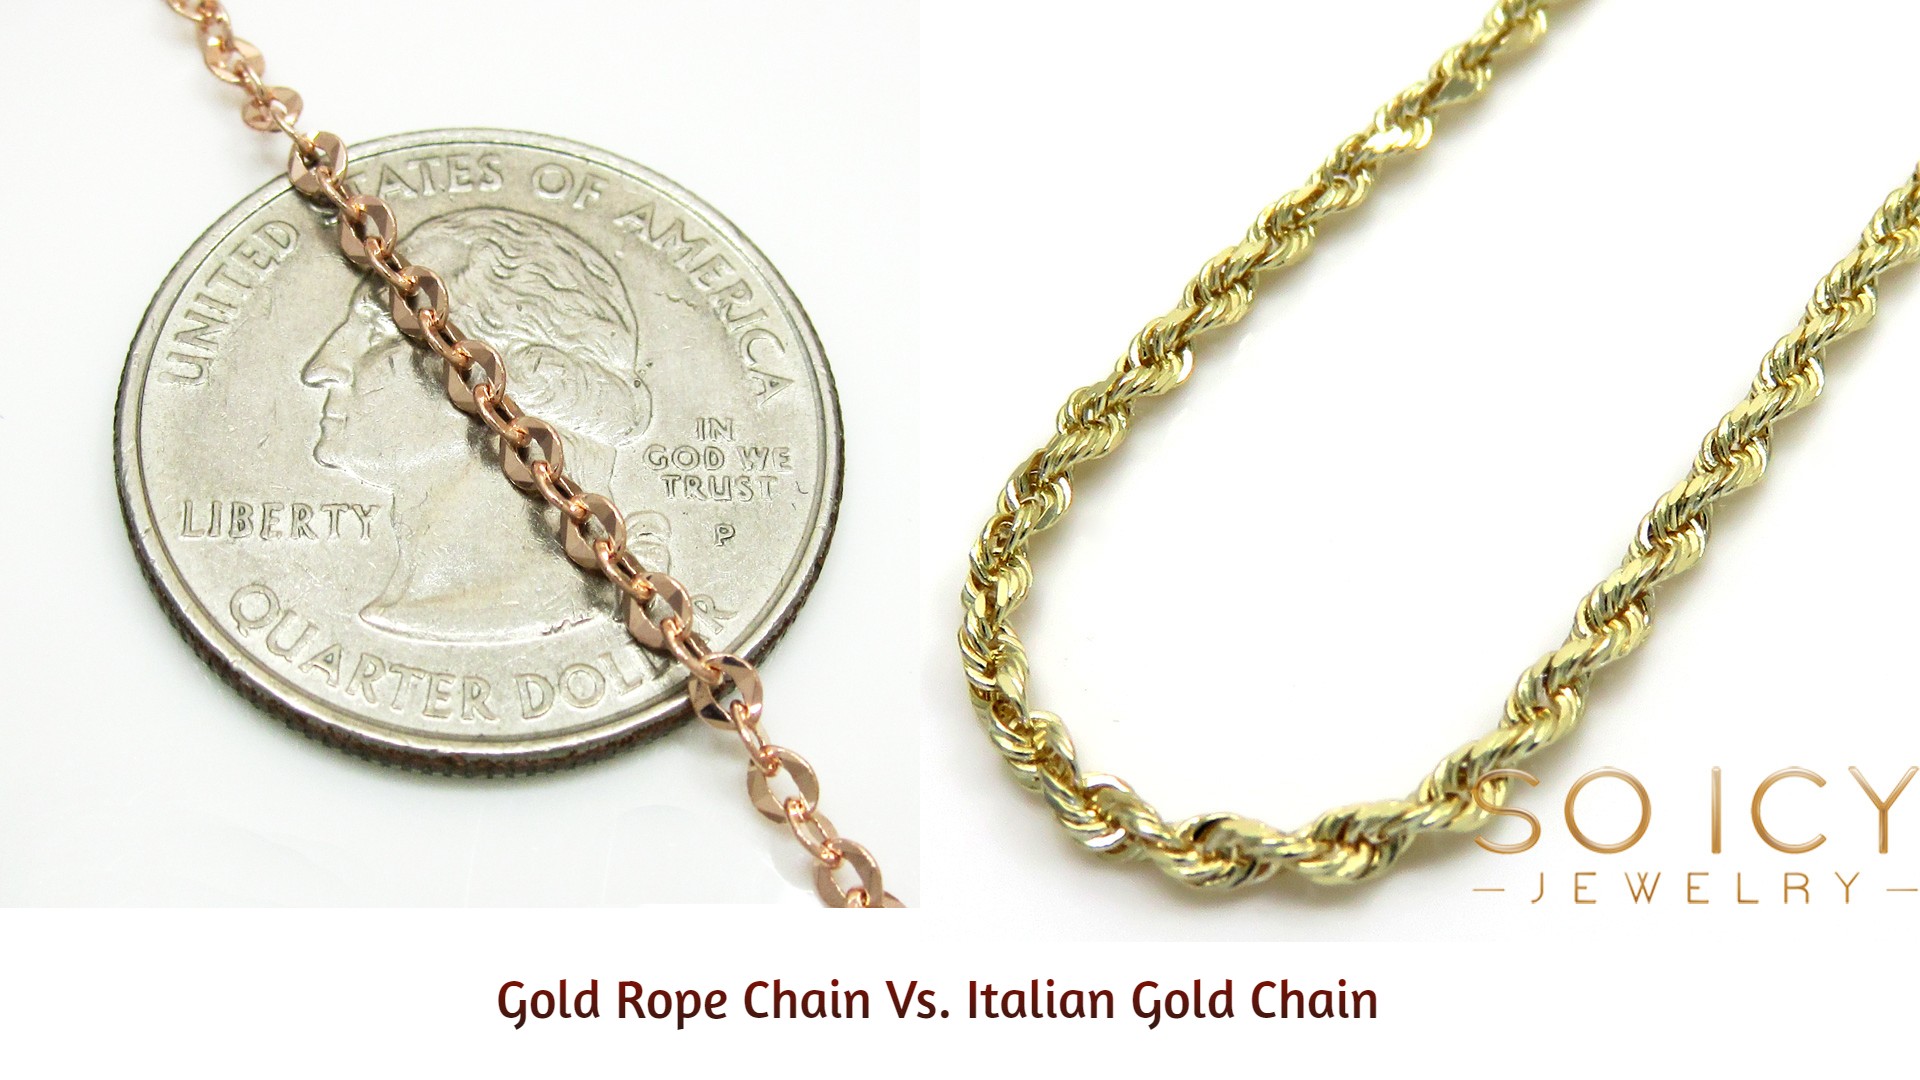 How is the 14k gold rope chain different from the 14k Italian gold chain?
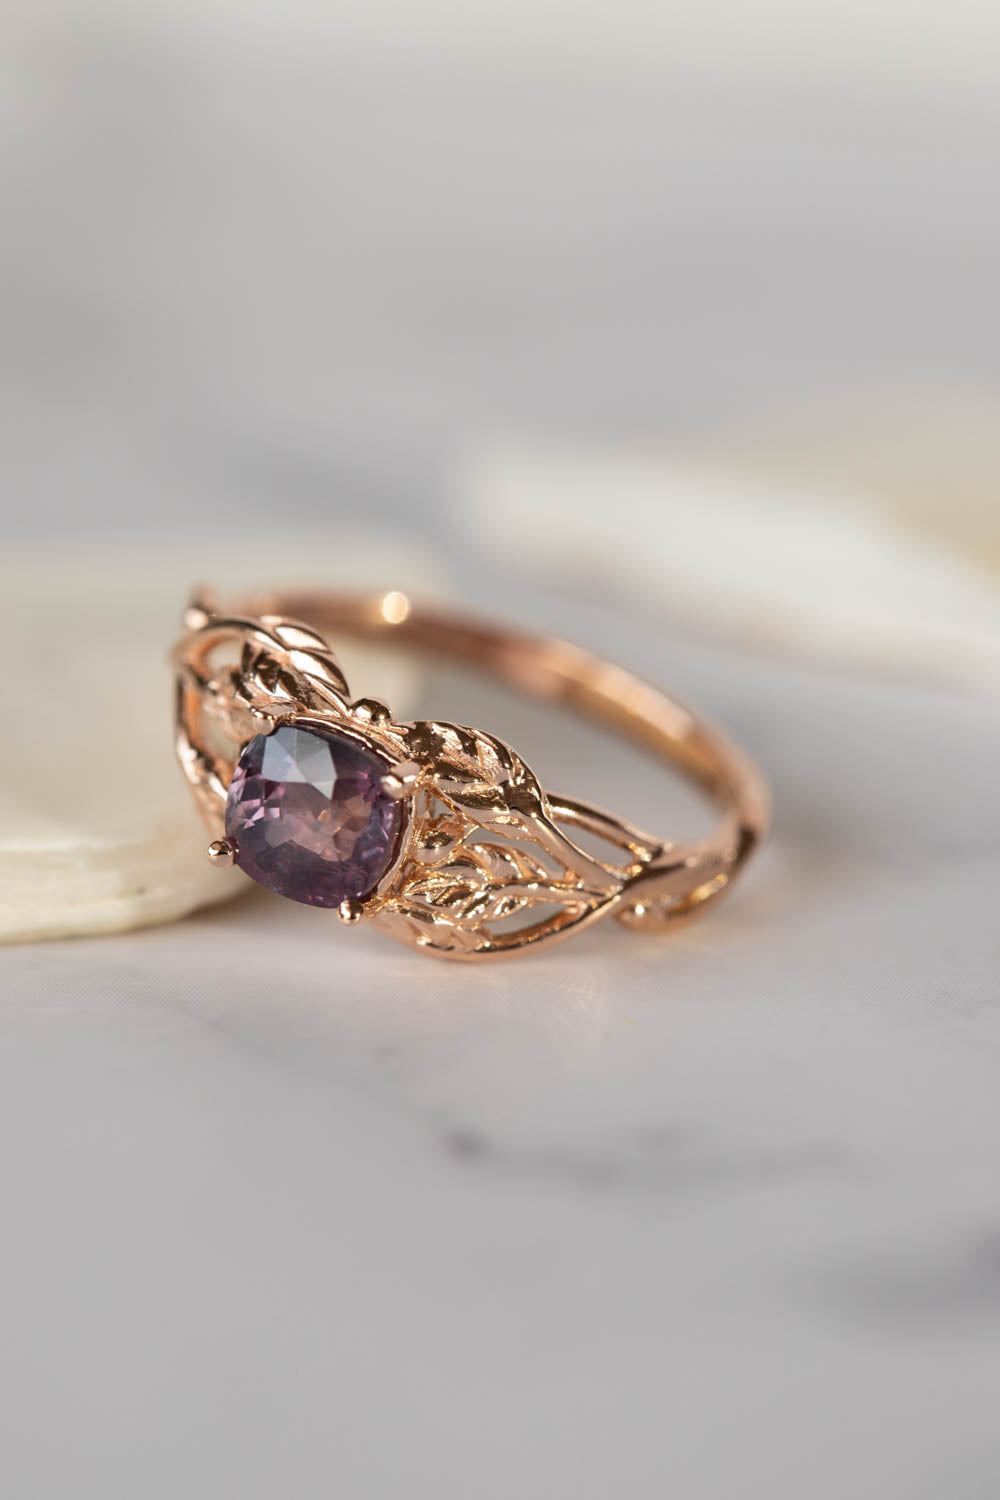 Cushion cut natural sapphire engagement ring, gold twig promise ring with sapphire / Tilia - Eden Garden Jewelry™
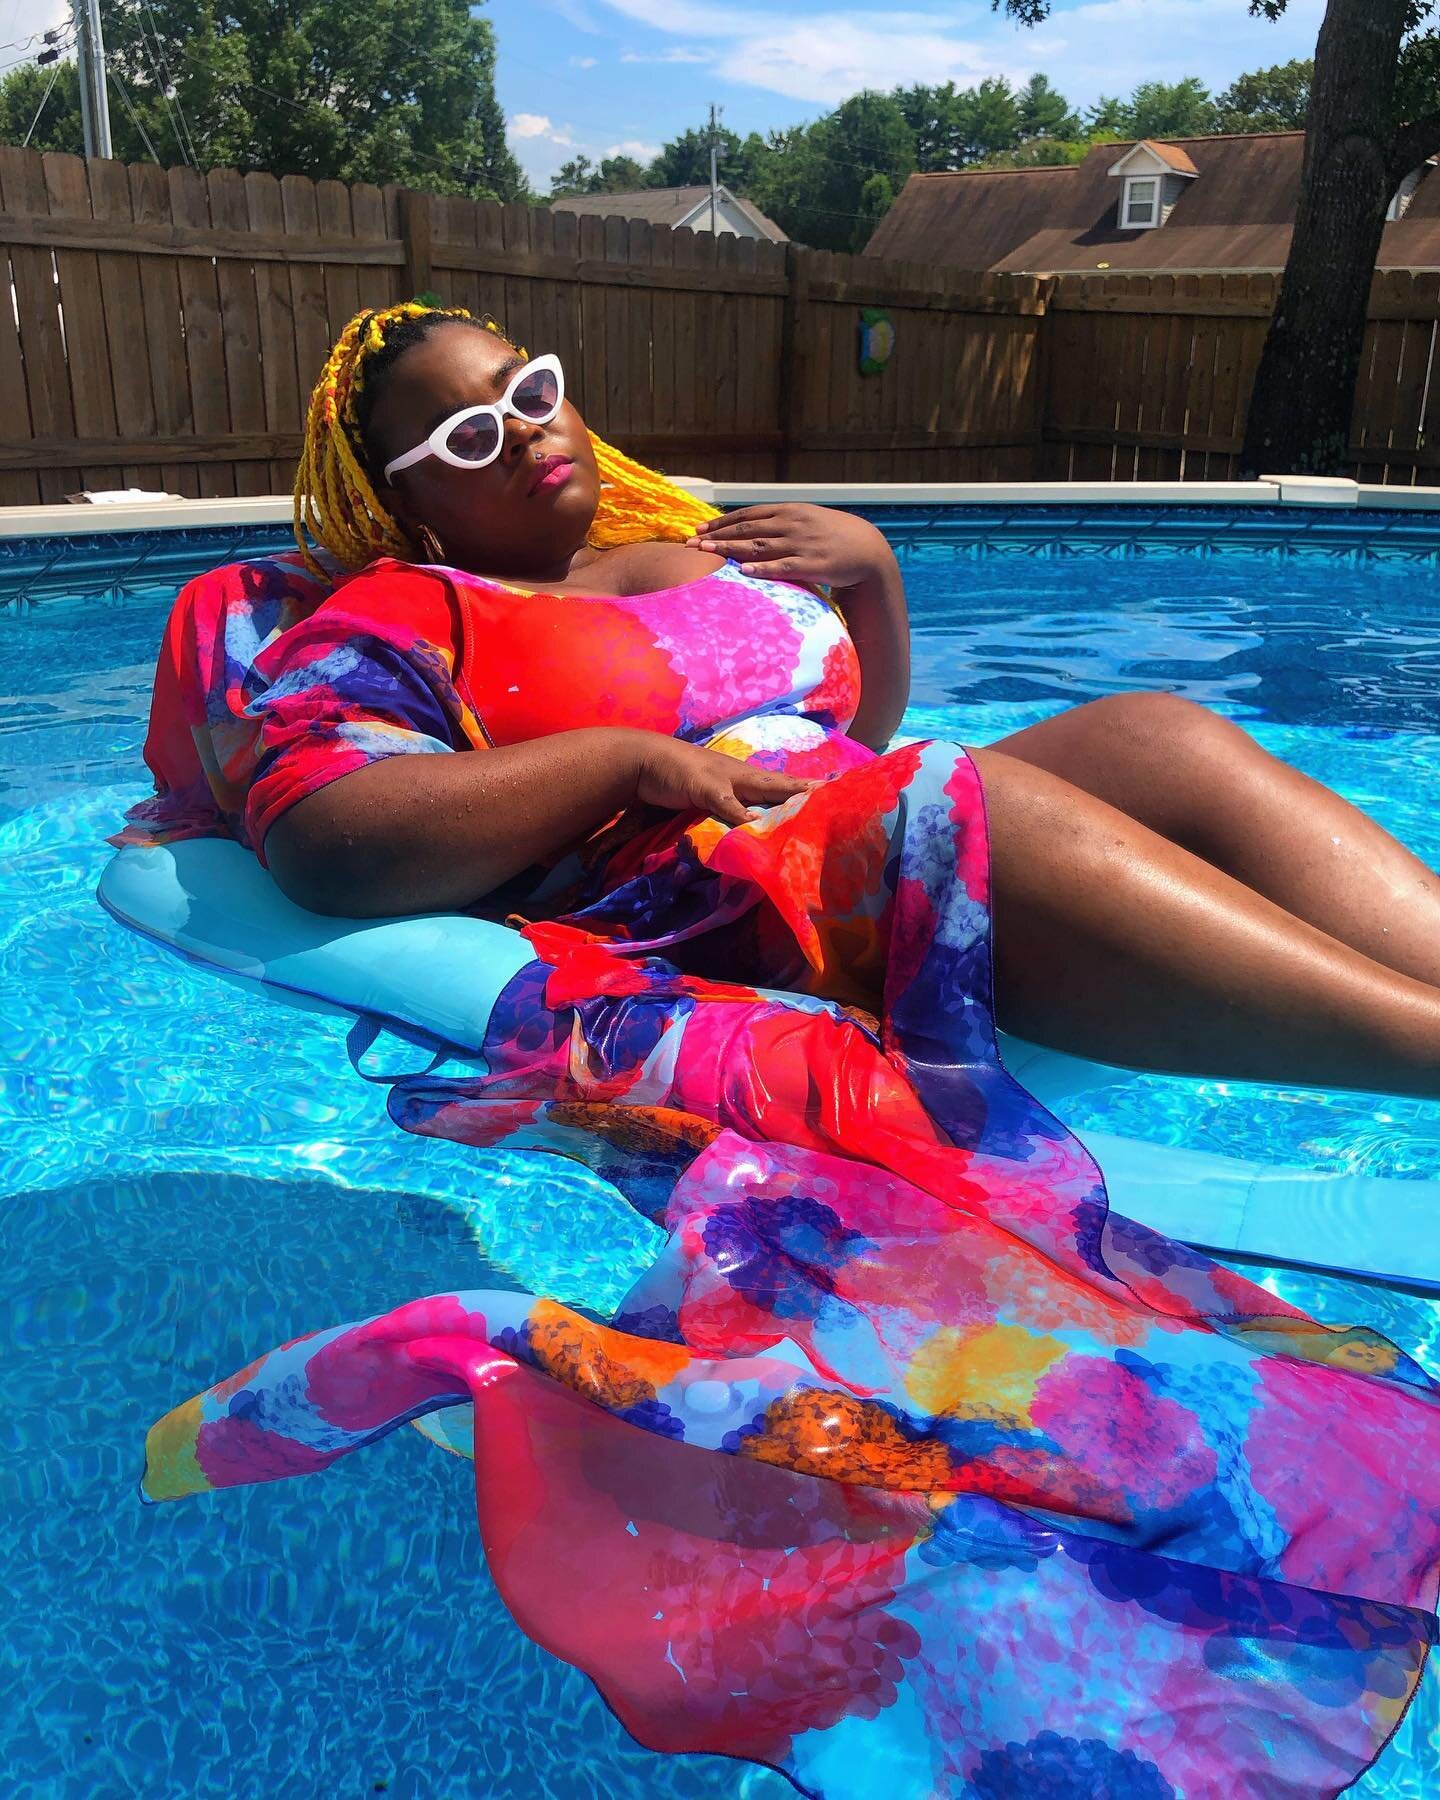 Pls @ someone who embodies this summer mood ✨

My girl @fatunicorn is wearing pieces from the upcoming @ken.drama Spring Summer 2021 collection! 💕

These pieces will be available for purchase in April BUT should I do a limited release/preorder soon?

+-------+

> **Task to carry out**: Can you quote exactly, and only, the lines from the one containing "Cushion cut natural" through the last line of the records above, keeping both ends and leaving out any pictures?

> **Worked solution**:
 Cushion cut natural sapphire engagement ring, gold twig promise ring with sapphire / Tilia - Eden Garden Jewelry™
 Pls @ someone who embodies this summer mood ✨

My girl @fatunicorn is wearing pieces from the upcoming @ken.drama Spring Summer 2021 collection! 💕

These pieces will be available for purchase in April BUT should I do a limited release/preorder soon?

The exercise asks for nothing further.